Yes. When you are up you are up, when you are down, you are down, and getting back up or getting back down are never quite as easy as just going to sleep at night and waking up to a fresh new day when you have bipolar. Those highs and lows can last for minutes, hours, days, or weeks. You just never know.
But, I tried. The first doctor, the family therapist…….lord of christ!!!! I walked out of there and that was my breaking point. I crumbled faster and harder than I did in 2006 when I landed in the hospital!!! I called my shrink. He instructed me to take Klonopin and if that didn’t help, head to the hospital. GREAT, I though. That’s the LAST thing I need right now. The first two times I was in the hospital in 2006, I was accused of doing it for attention (cause being in the psych ward for 2 weeks with people spying on you every 15 minutes, no shoelaces, no pens, no caffeine, drugged up to a state of fog and incomprehension…… is really the most awesome way to get attention right?! Why didn’t I think of that when I was 10 and wanted attention from my parents!) Every day I feel worse and worse and then it comes time for my appointment yesterday with my shrink. Another appointment that left me feeling like I should crawl into a hole, wait there for a while and either die, or , wait til someone drags me out and hugs me to death and tells me that this is going to be ok.
I settled for the next best thing. Instead of sleeping at my feet all week (as Prince usually does), he slept right next to my head. It was as if he could sense that I needed some warmth and closeness to me. Even so, I still felt like I just wanted to die. All week. I figured if I just died, there would be no more worry or anything to be pissed about, their life could be fixed and then move on to being happy.
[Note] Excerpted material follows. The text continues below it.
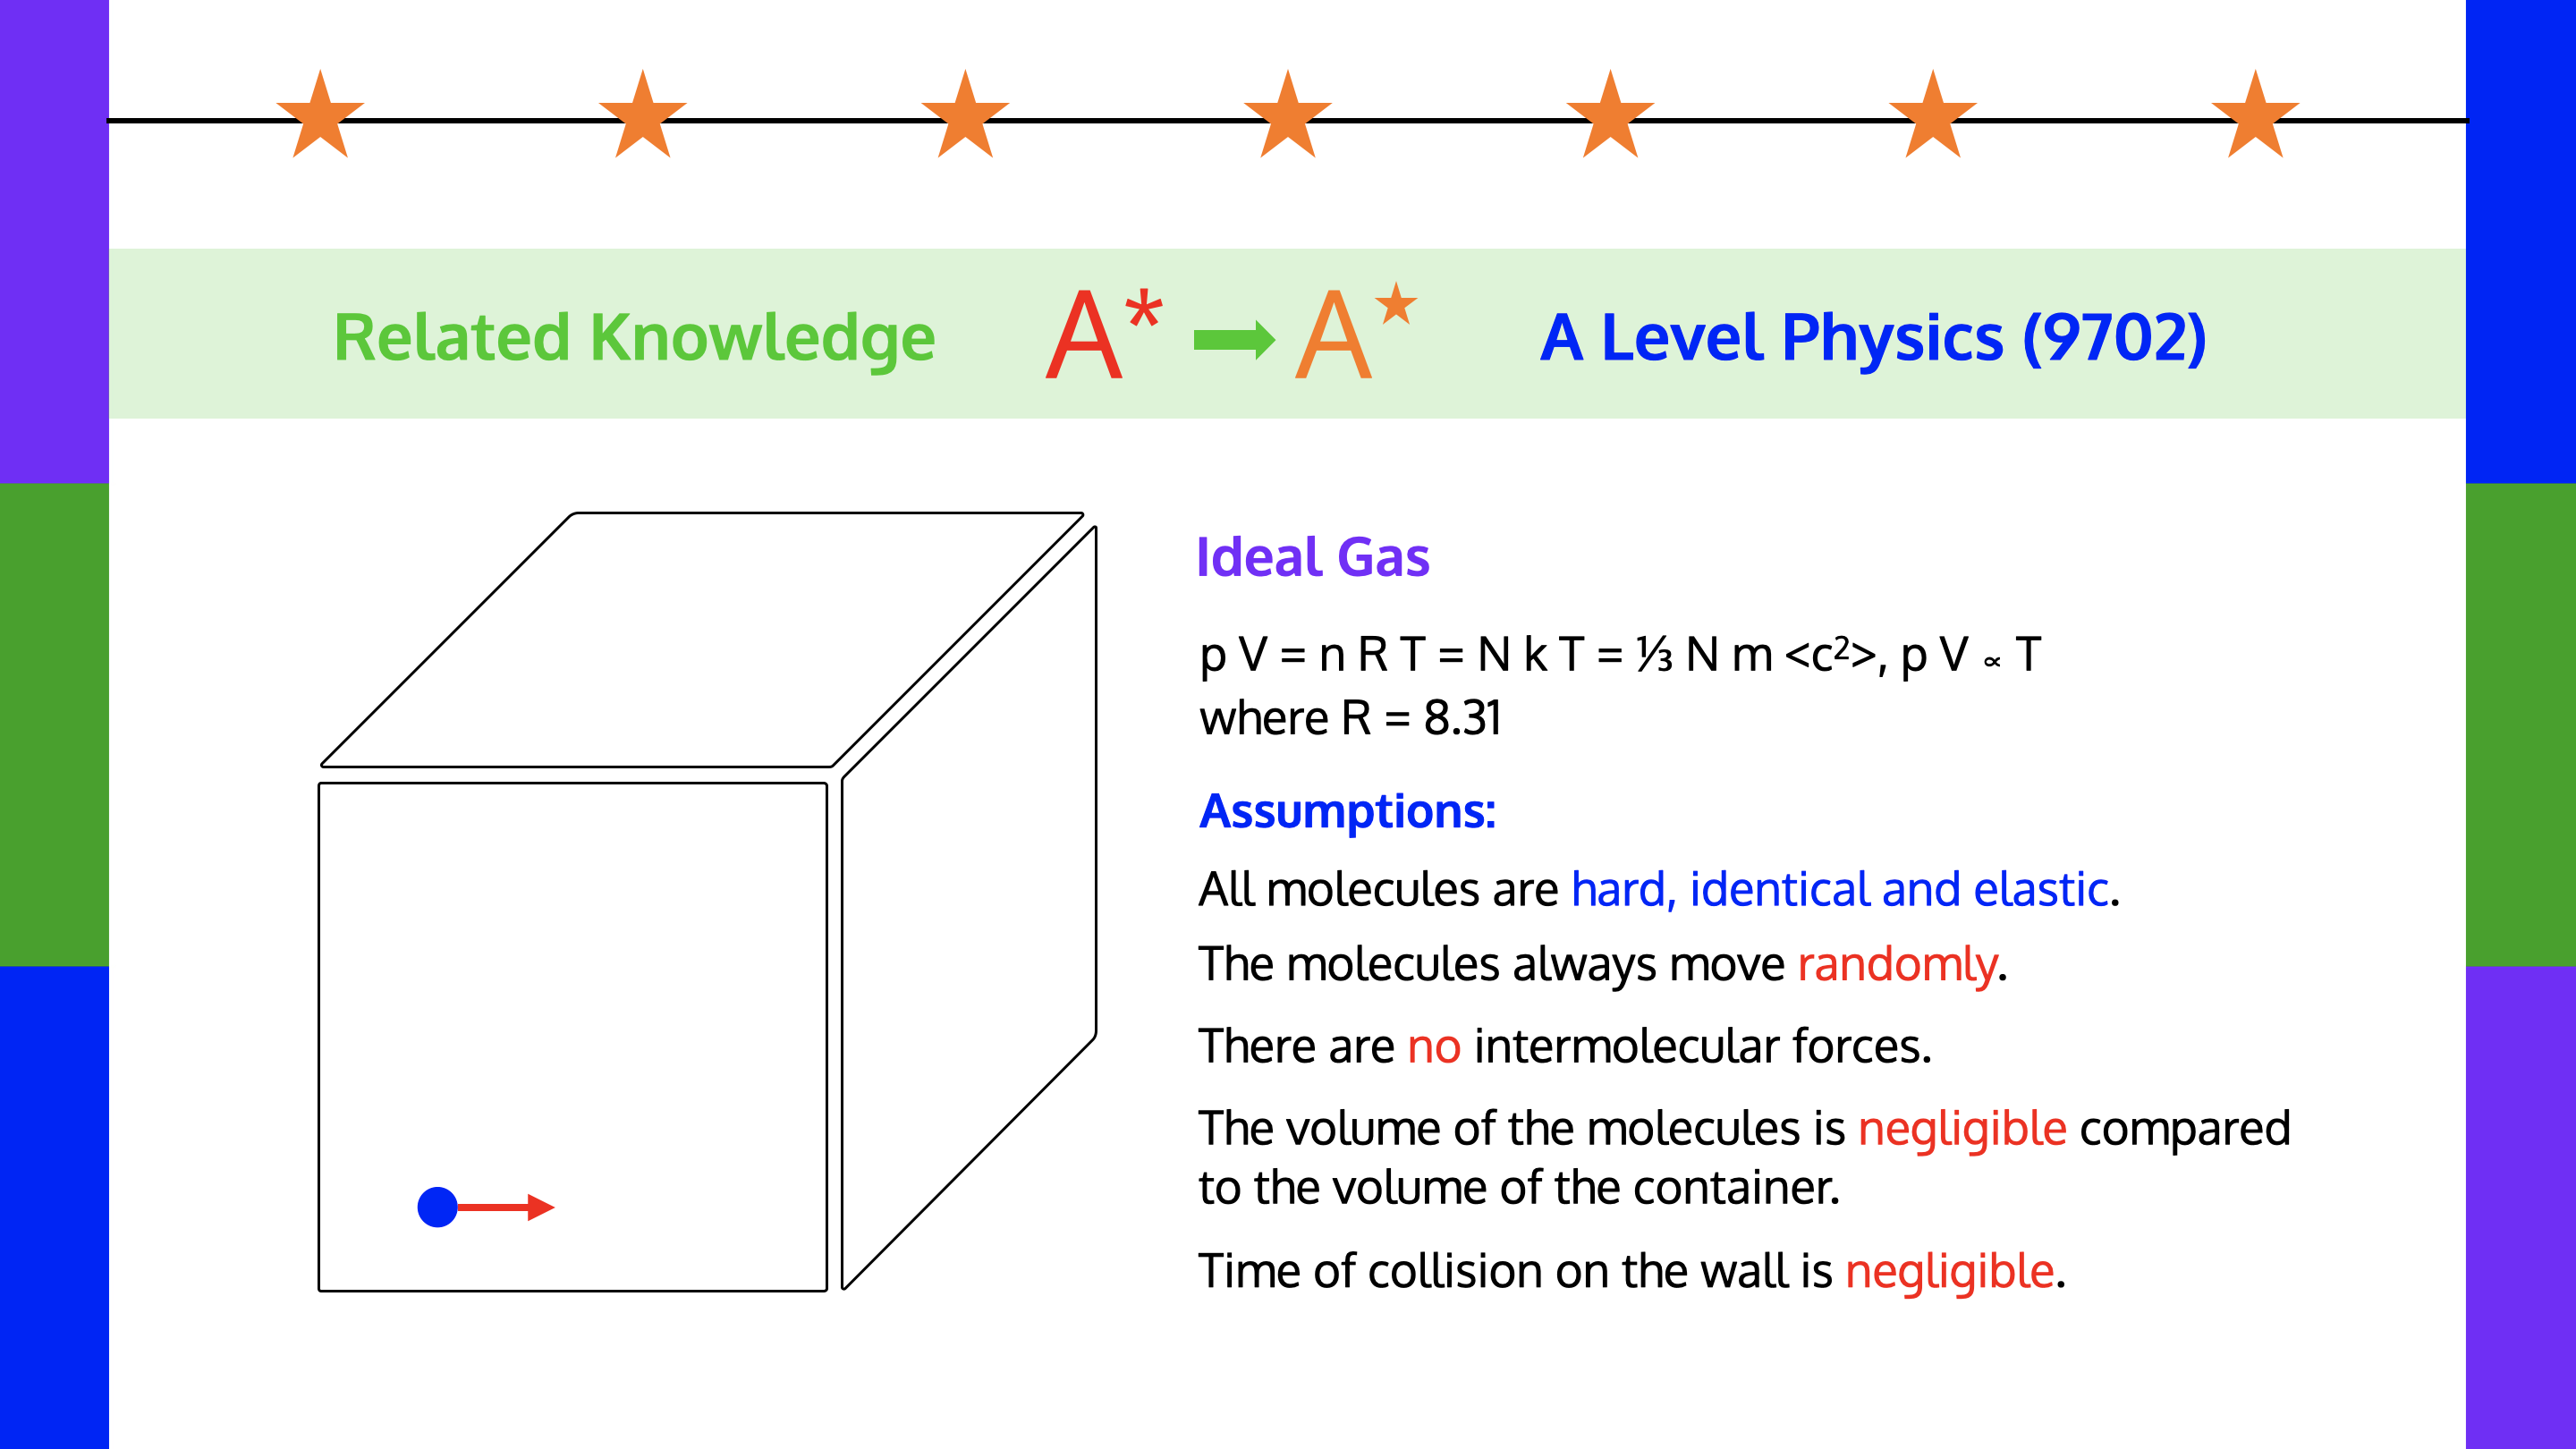 Physics (9702) Knowledge: Ideal Gas

Prince still kept sleeping right by my head and Katie slept right at the side of my bed.
AND THEN…….. I’m woken up suddenly because the other half is late for work and needs me to do a favor. In a few hours, I need to go out to the garage and get the eel. (Half awake I’m wondering WTF? I am not touching that gross thing!!!) He then explains, that last night, the eel jumped out of the tank and is now wedged between something. With rigor that set in, we can’t get him until until a few more hours when he softens up. I grunt ok and fall back to sleep…..for about 15 seconds……
THE EEL COMMITTED SUICIDE!!!!!!!!!!!!!!!!! WHAAAATTTT!!!!! OMG! omg. omg. omg. Did IIIIIIIII cause this??!!! Were my negative feelings impacting the eel???? Did I just cause an eel suicide?!!! And IF SO….. do you know what this means??!!!! It means that someone is going to be EVEN MORE PISSED OFF AT ME!!!!!!
So, this is why I ask the question……. do fish and eels feel the same???? Prince and the Golden Retriever sure felt my feelings……did the eel feel my feelings and jump ship because of me???!!!!!!!!!!!!!!!!!